**Supplied information**
◇ ◇ ◇ ◇ ◇ ◇ ◇

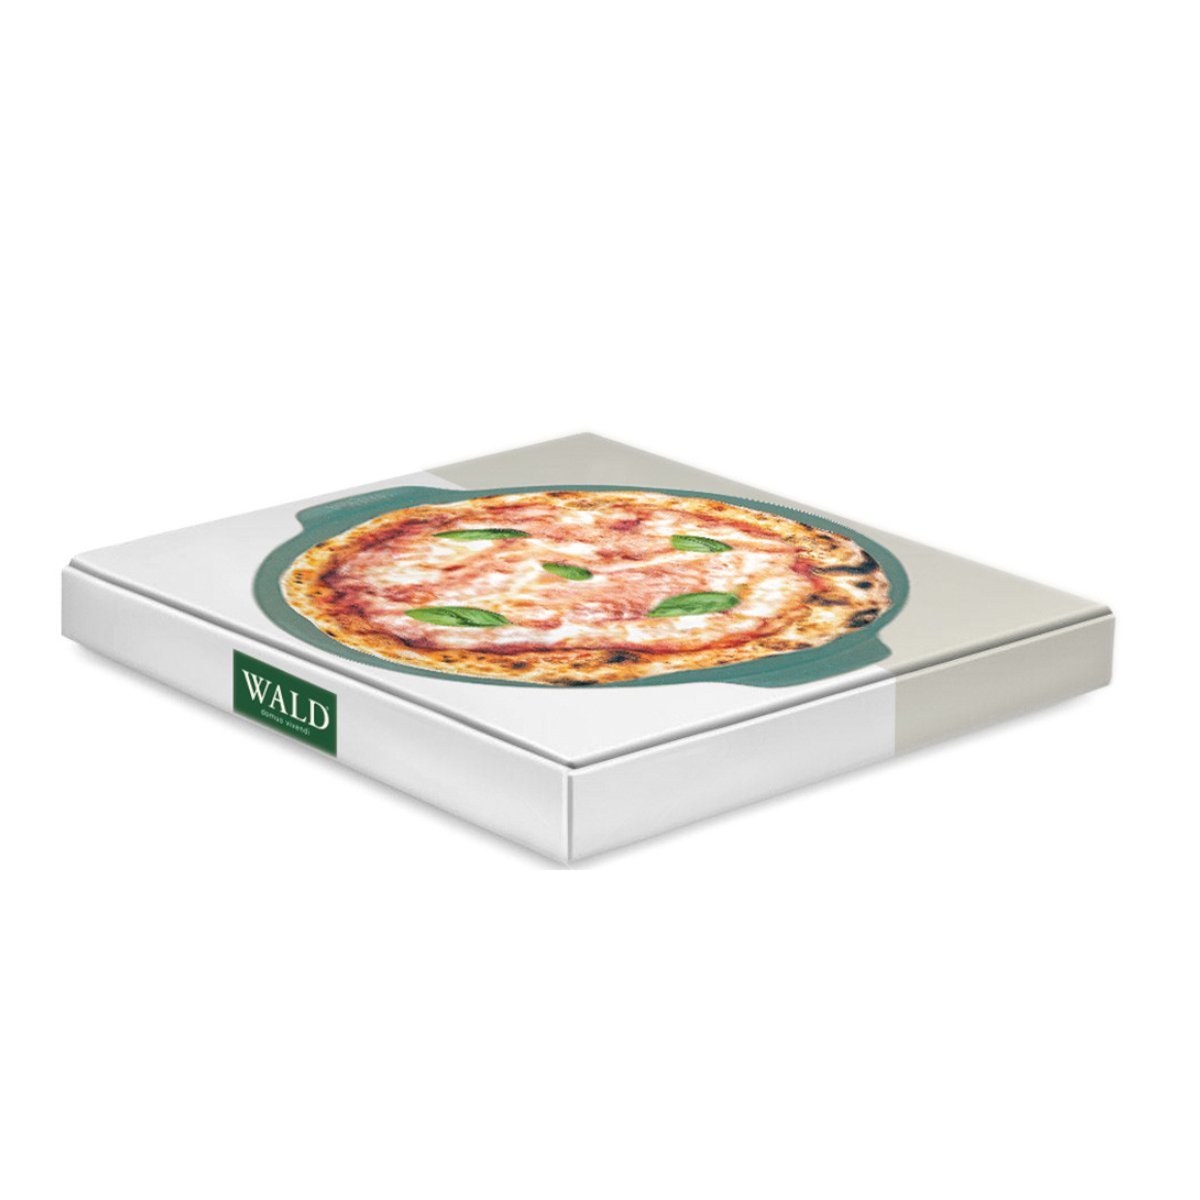 WALD Pizzastein Pizzaplatte 34 cm, glasiert Ton, dunkelgrau, durchgebrannt anthrazit und
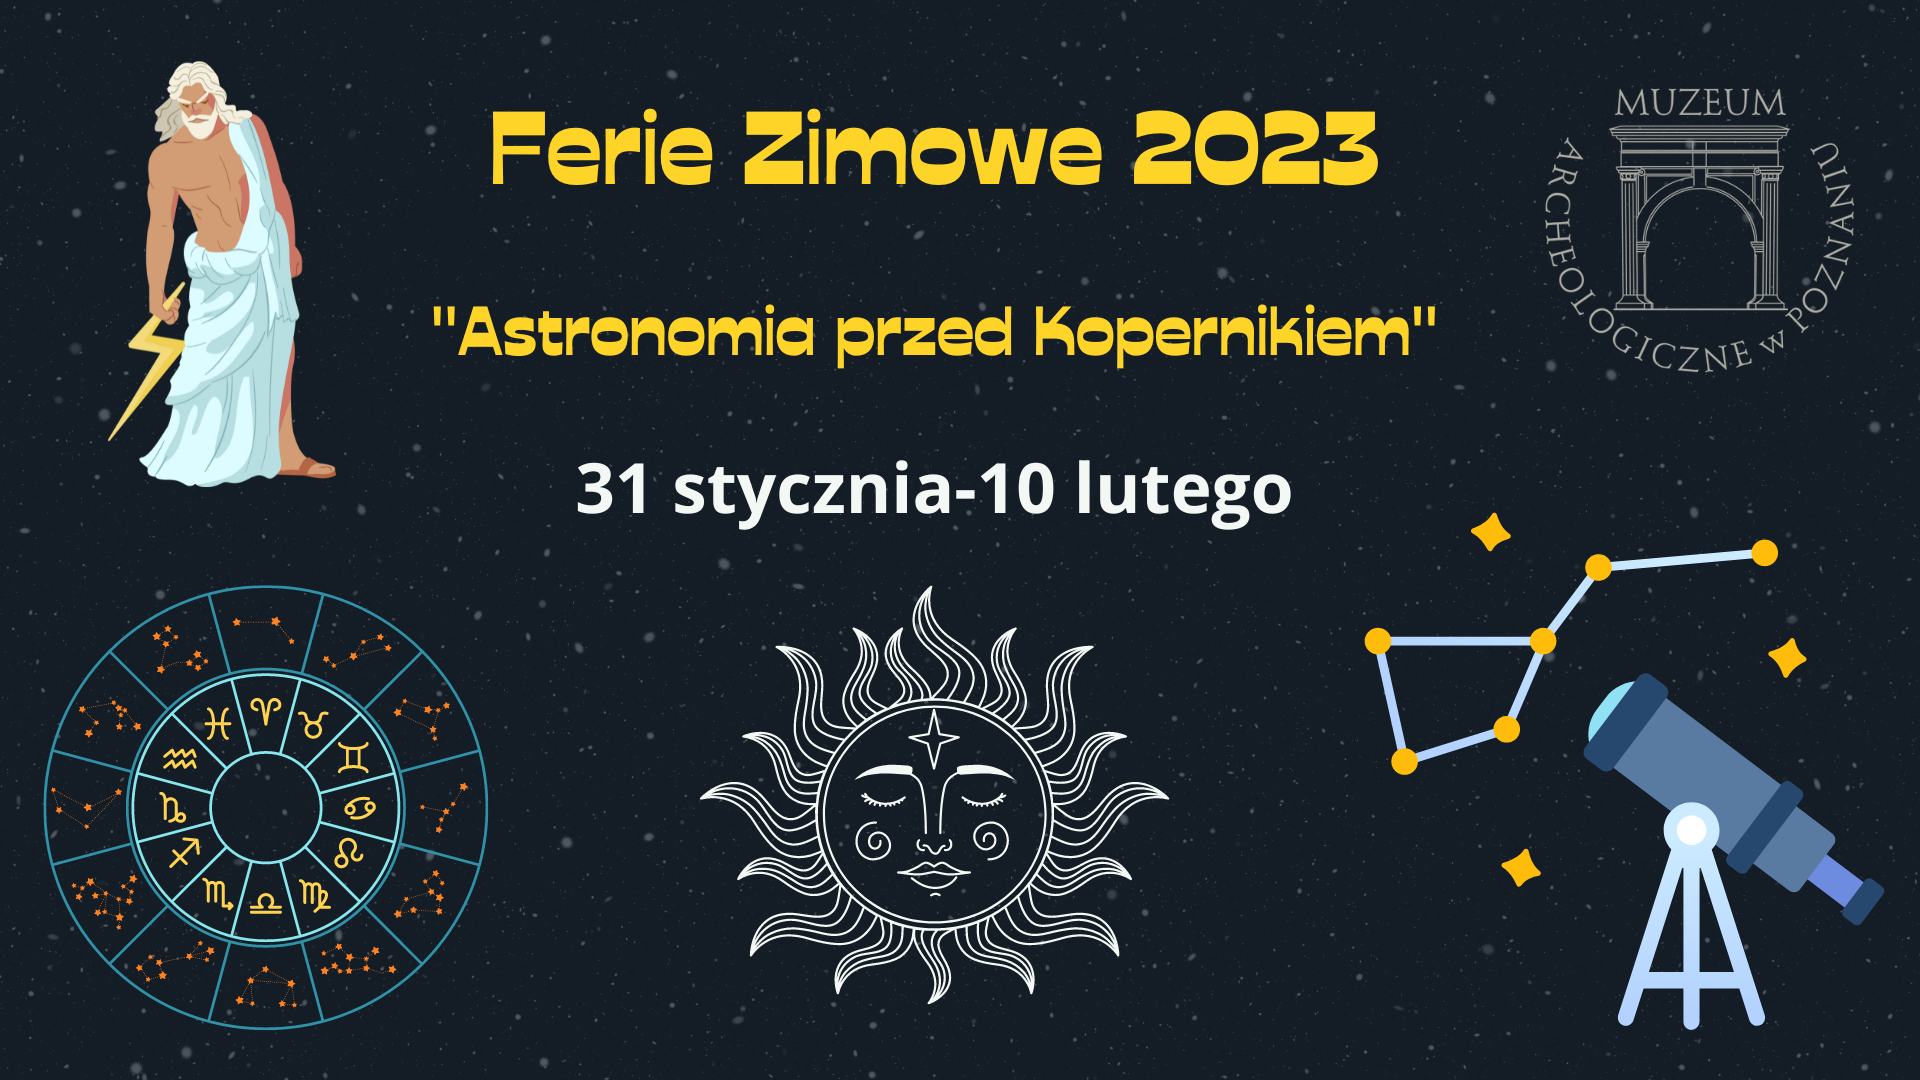 Ferie zimowe 2023 w Muzeum Archeologicznym w Poznaniu  „Astronomia przed Kopernikiem” 31.01- 10.02
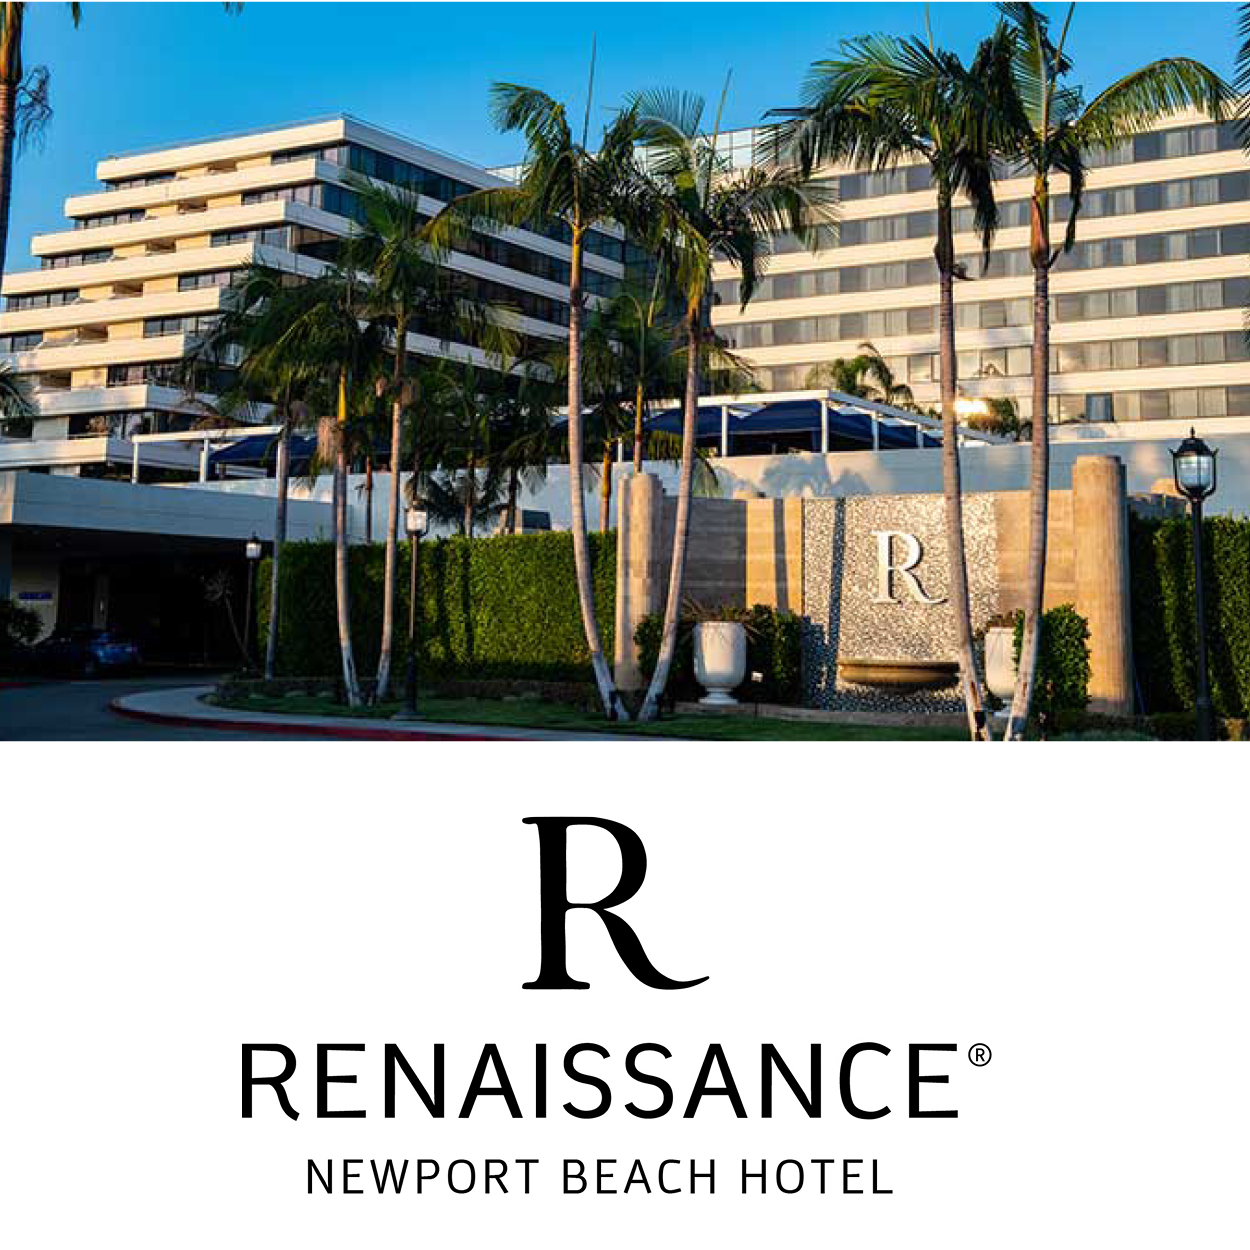 January Sunset Networking Mixer Renaissance Hotel Newport Beach

◇ ◇ ◇ ◇ ◇ ◇ ◇

**Work to be completed**
Would you restate word for word only the lines from the one containing "Ferie zimowe 2023" to the final line of the material, both ends included, without any pictures?

**Response box**
 Ferie zimowe 2023 w Muzeum Archeologicznym w Poznaniu  „Astronomia przed Kopernikiem” 31.01- 10.02
 January Sunset Networking Mixer Renaissance Hotel Newport Beach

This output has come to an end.